She might have argued more, but Perseus' hand, instead of stopping at the knee, kept wandering north. And, with all the gods in the wedding party following the limo, odds were somebody could bring her back to life even if she did get killed.
Ambrosia-Dom Perignon ambrosia, no less-waited on ice in the honeymoon suite. The bed was as big as Boeotia, as soft as the sea-foam that spawned Aphrodite. Out in the hallway, the gods and demigods and mortals with pull who'd been at the wedding made a deityawful racket, waiting for the moment of truth.
They didn't have to wait very long. Perseus was standing at attention even when he lay down on that inviting bed. Wearing nothing but a smile, Andromeda got down beside him. At the appropriate time, she let out a squeal, pretending to be a maiden. Everybody in the hallway let out a cheer, pretending to believe her.
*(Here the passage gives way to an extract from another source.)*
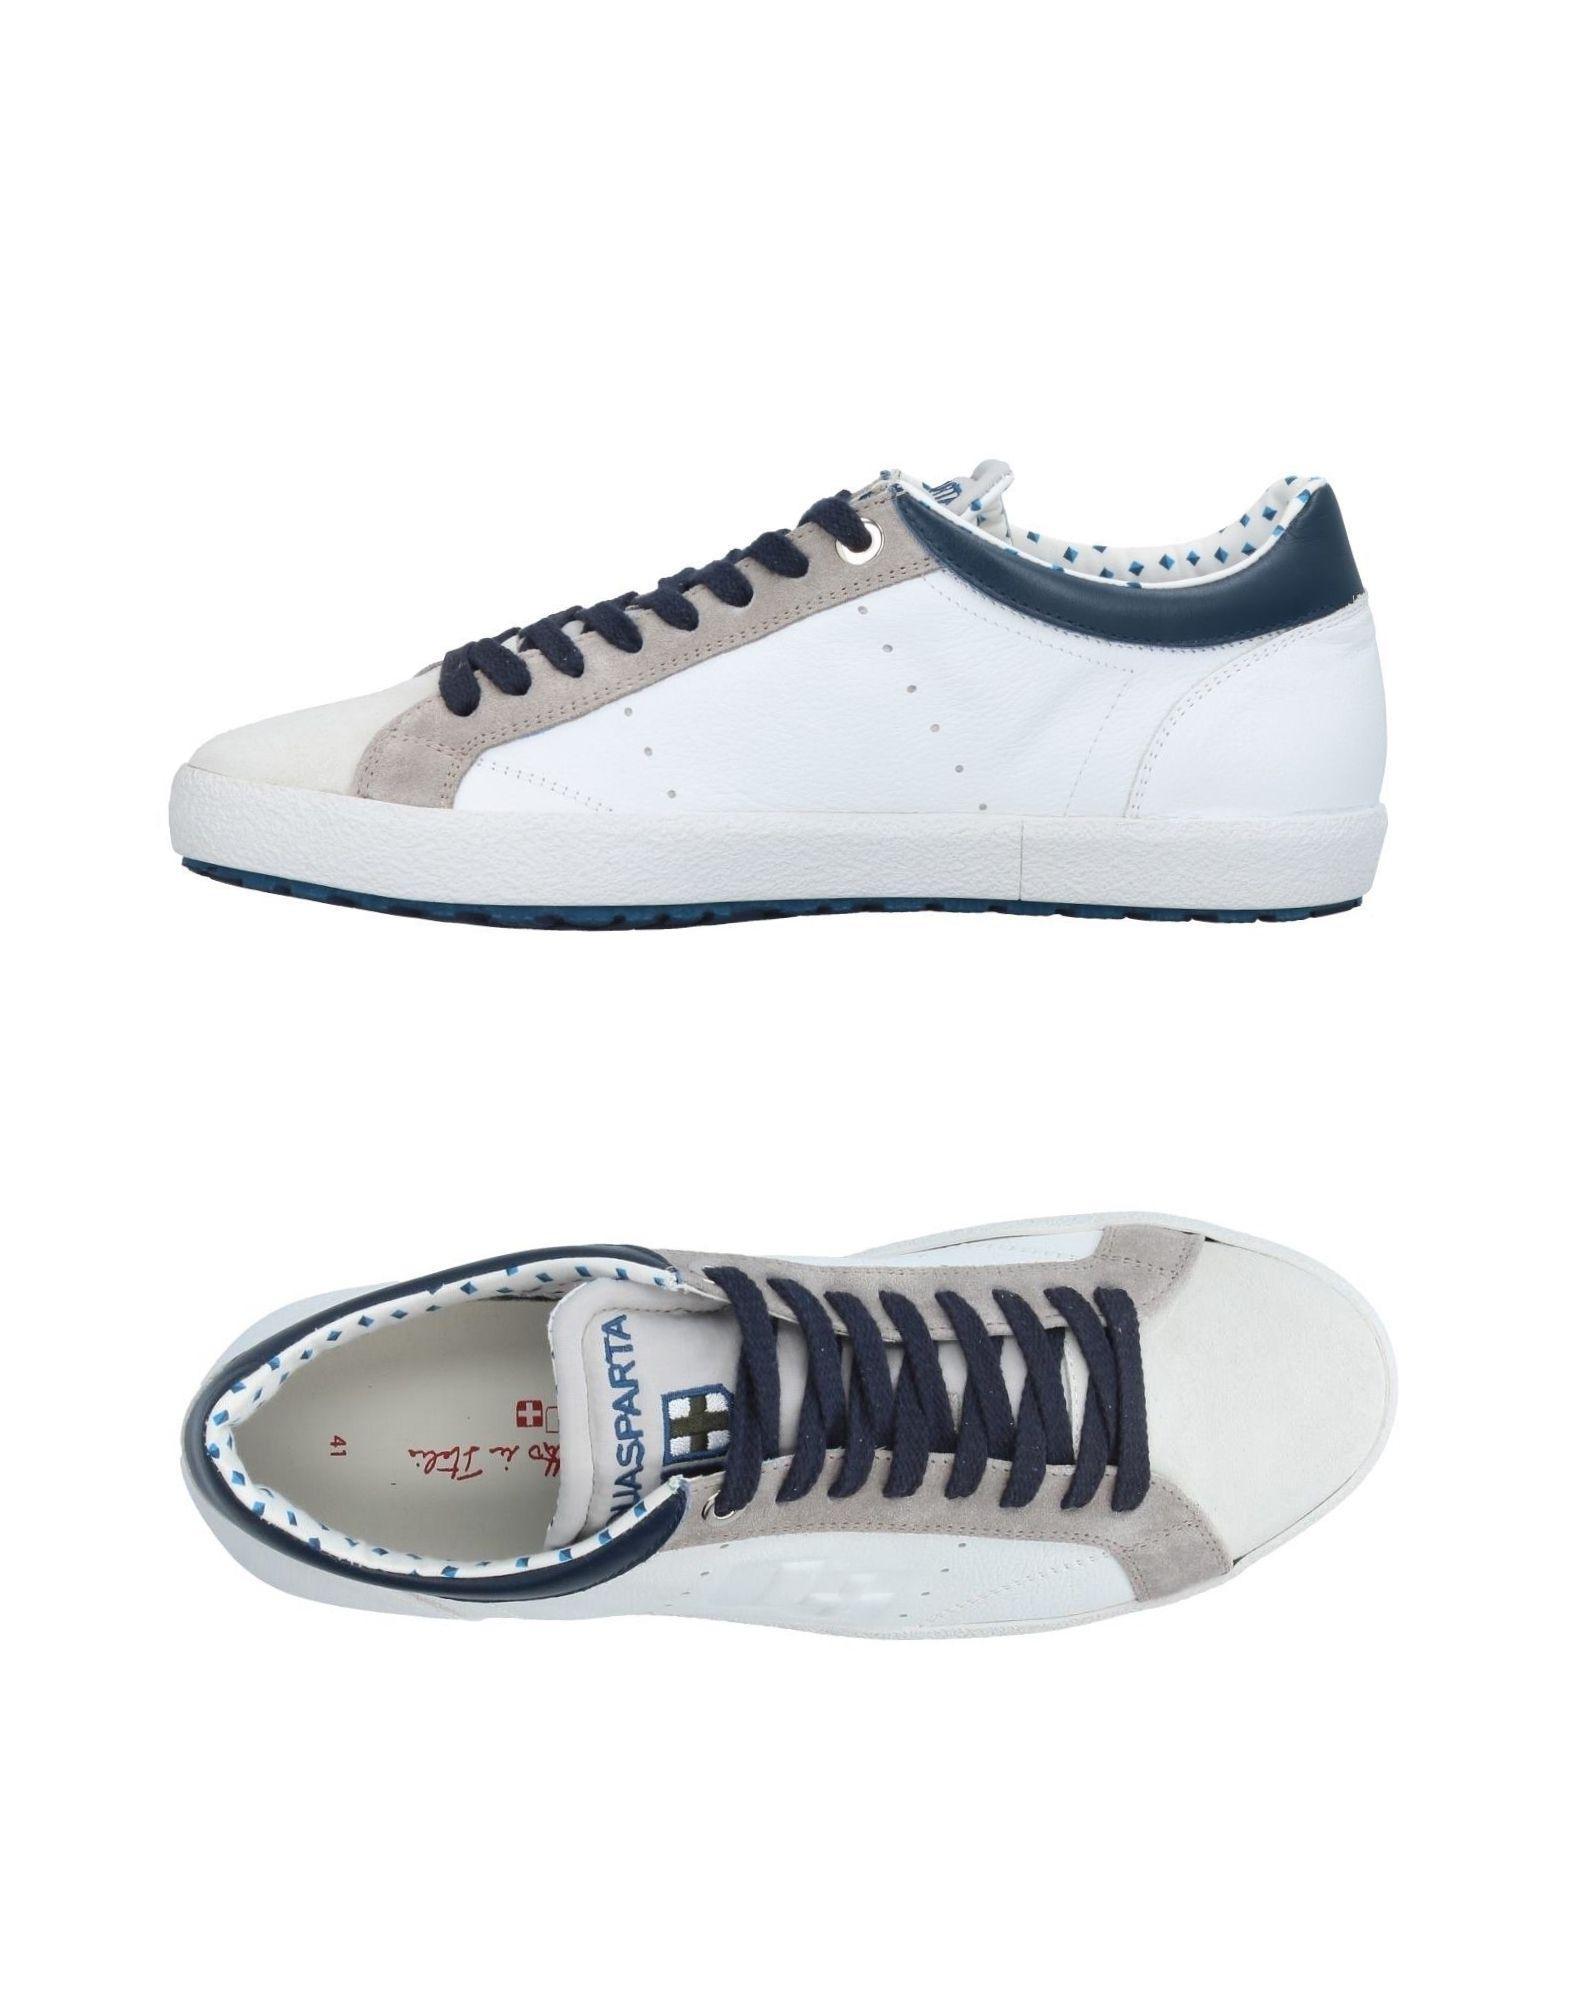 D'acquasparta Bas-tops Et Chaussures De Sport bvLbrcG

After the honeymoon, things went pretty well. Perseus landed an editorial job at Argosy. Andromeda spent a while on the talk-show circuit: Loves Fated to Happen were hot that millennium. They bought themselves a little house. It was Greek Colonial architecture, right out of Grant Xylum, and they furnished it to match.
When Andromeda sat down on the four-poster bed one night, she heard a peculiar sound, not one it usually made. "What's that?" she asked Perseus.
"What's what?" he said, elaborately casual.
"That noise. Like-metal?"
"Oh. That." Elaborately casual, all right-too elaborately casual. Perseus' face wore an odd smile, half sheepish, half… something else. "It's probably these." He lifted up his pillow.
"Chains!" Andromeda exclaimed. "Haven't you had enough of chains?"